SOURCE MATERIAL:
+ + + +
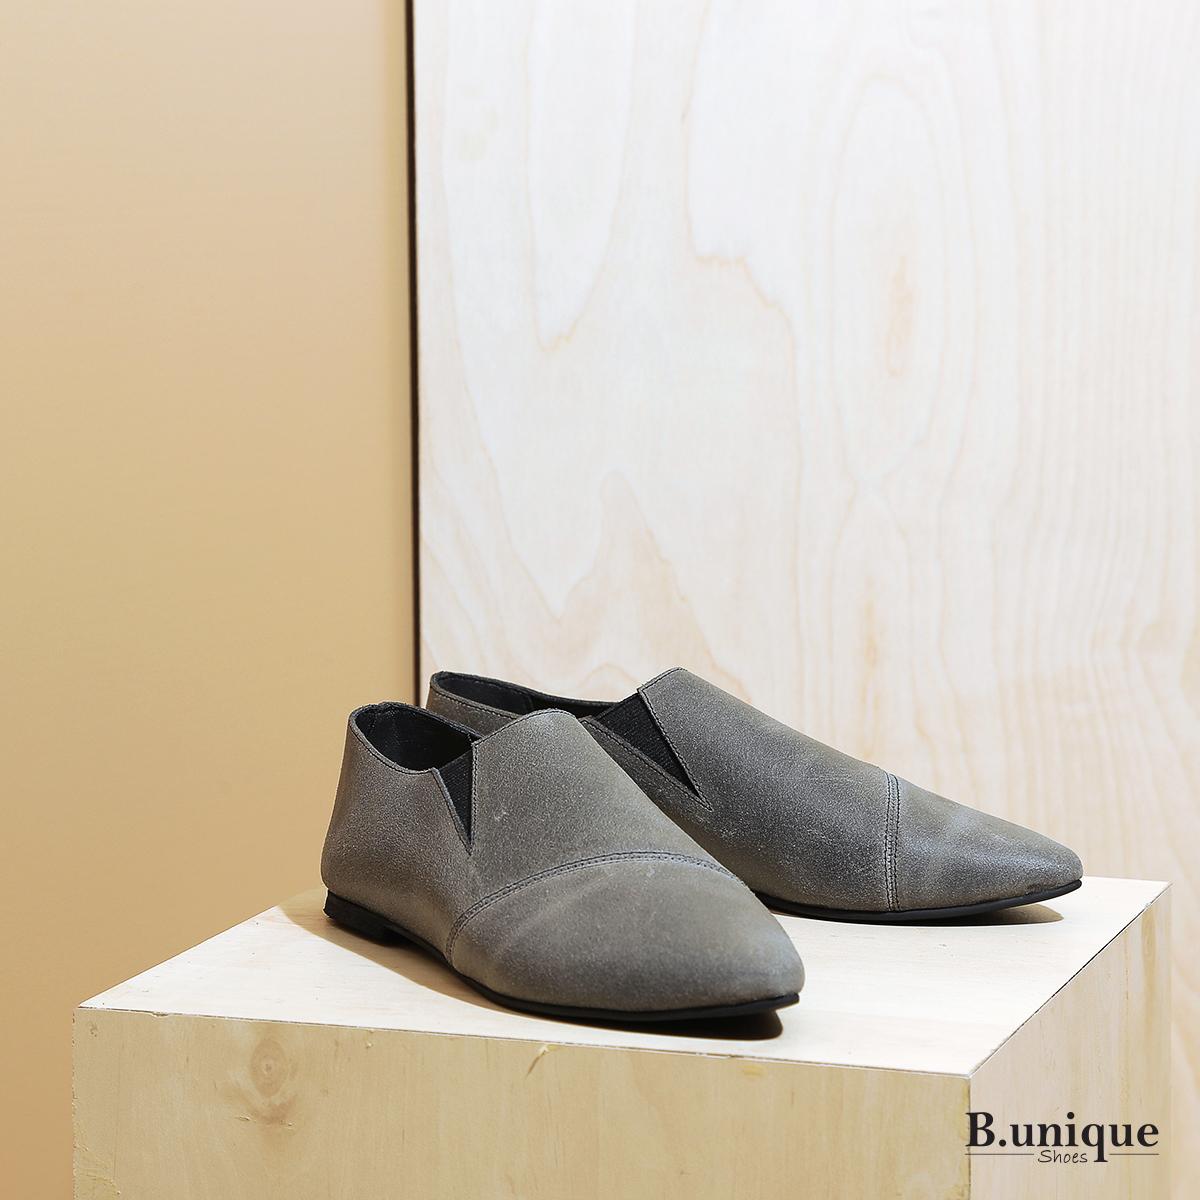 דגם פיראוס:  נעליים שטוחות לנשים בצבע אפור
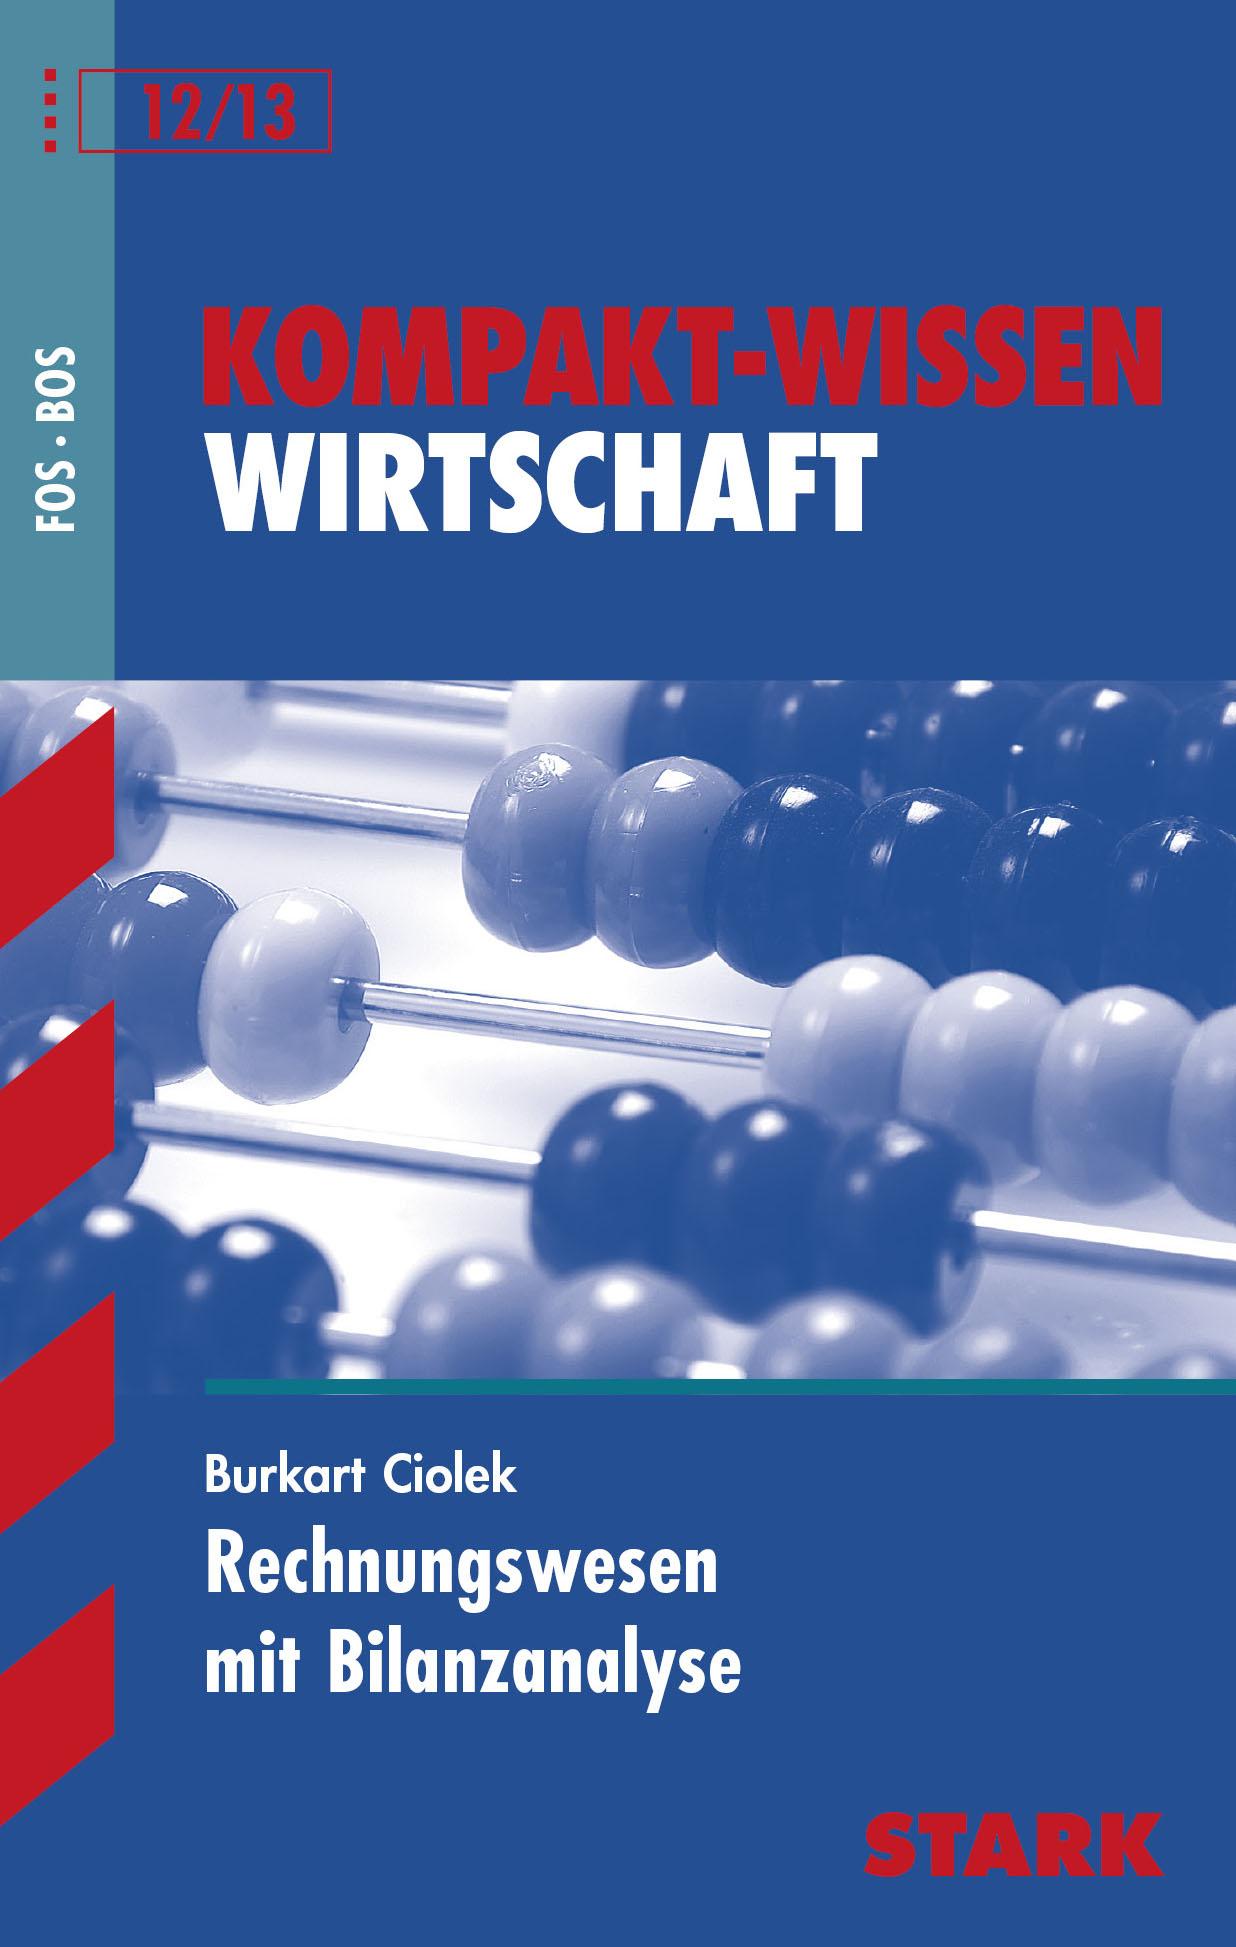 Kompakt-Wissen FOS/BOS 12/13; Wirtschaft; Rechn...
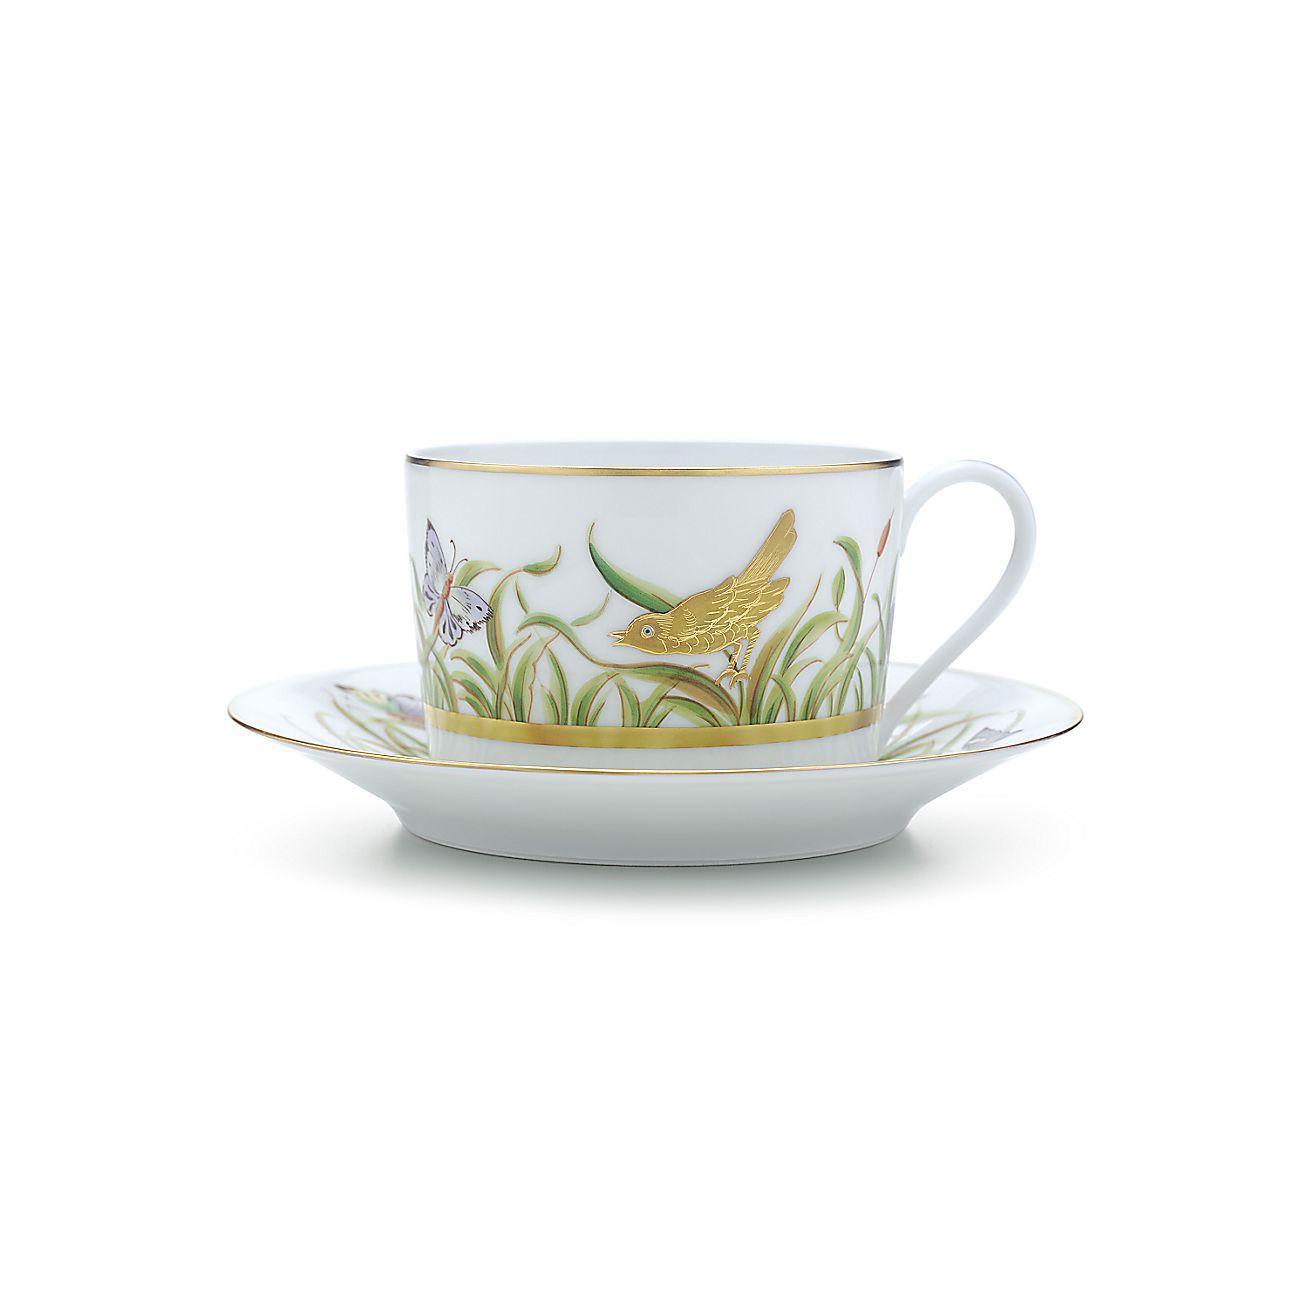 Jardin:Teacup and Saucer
+ + + +
BRIEF:
Output, exactly and without pictures, the span of lines that starts at the line containing "Kompakt-Wissen FOS/BOS 12/13;" and ends at the last line above.

ANSWER FOR THE TASK:
 Kompakt-Wissen FOS/BOS 12/13; Wirtschaft; Rechn...
 Jardin:Teacup and Saucer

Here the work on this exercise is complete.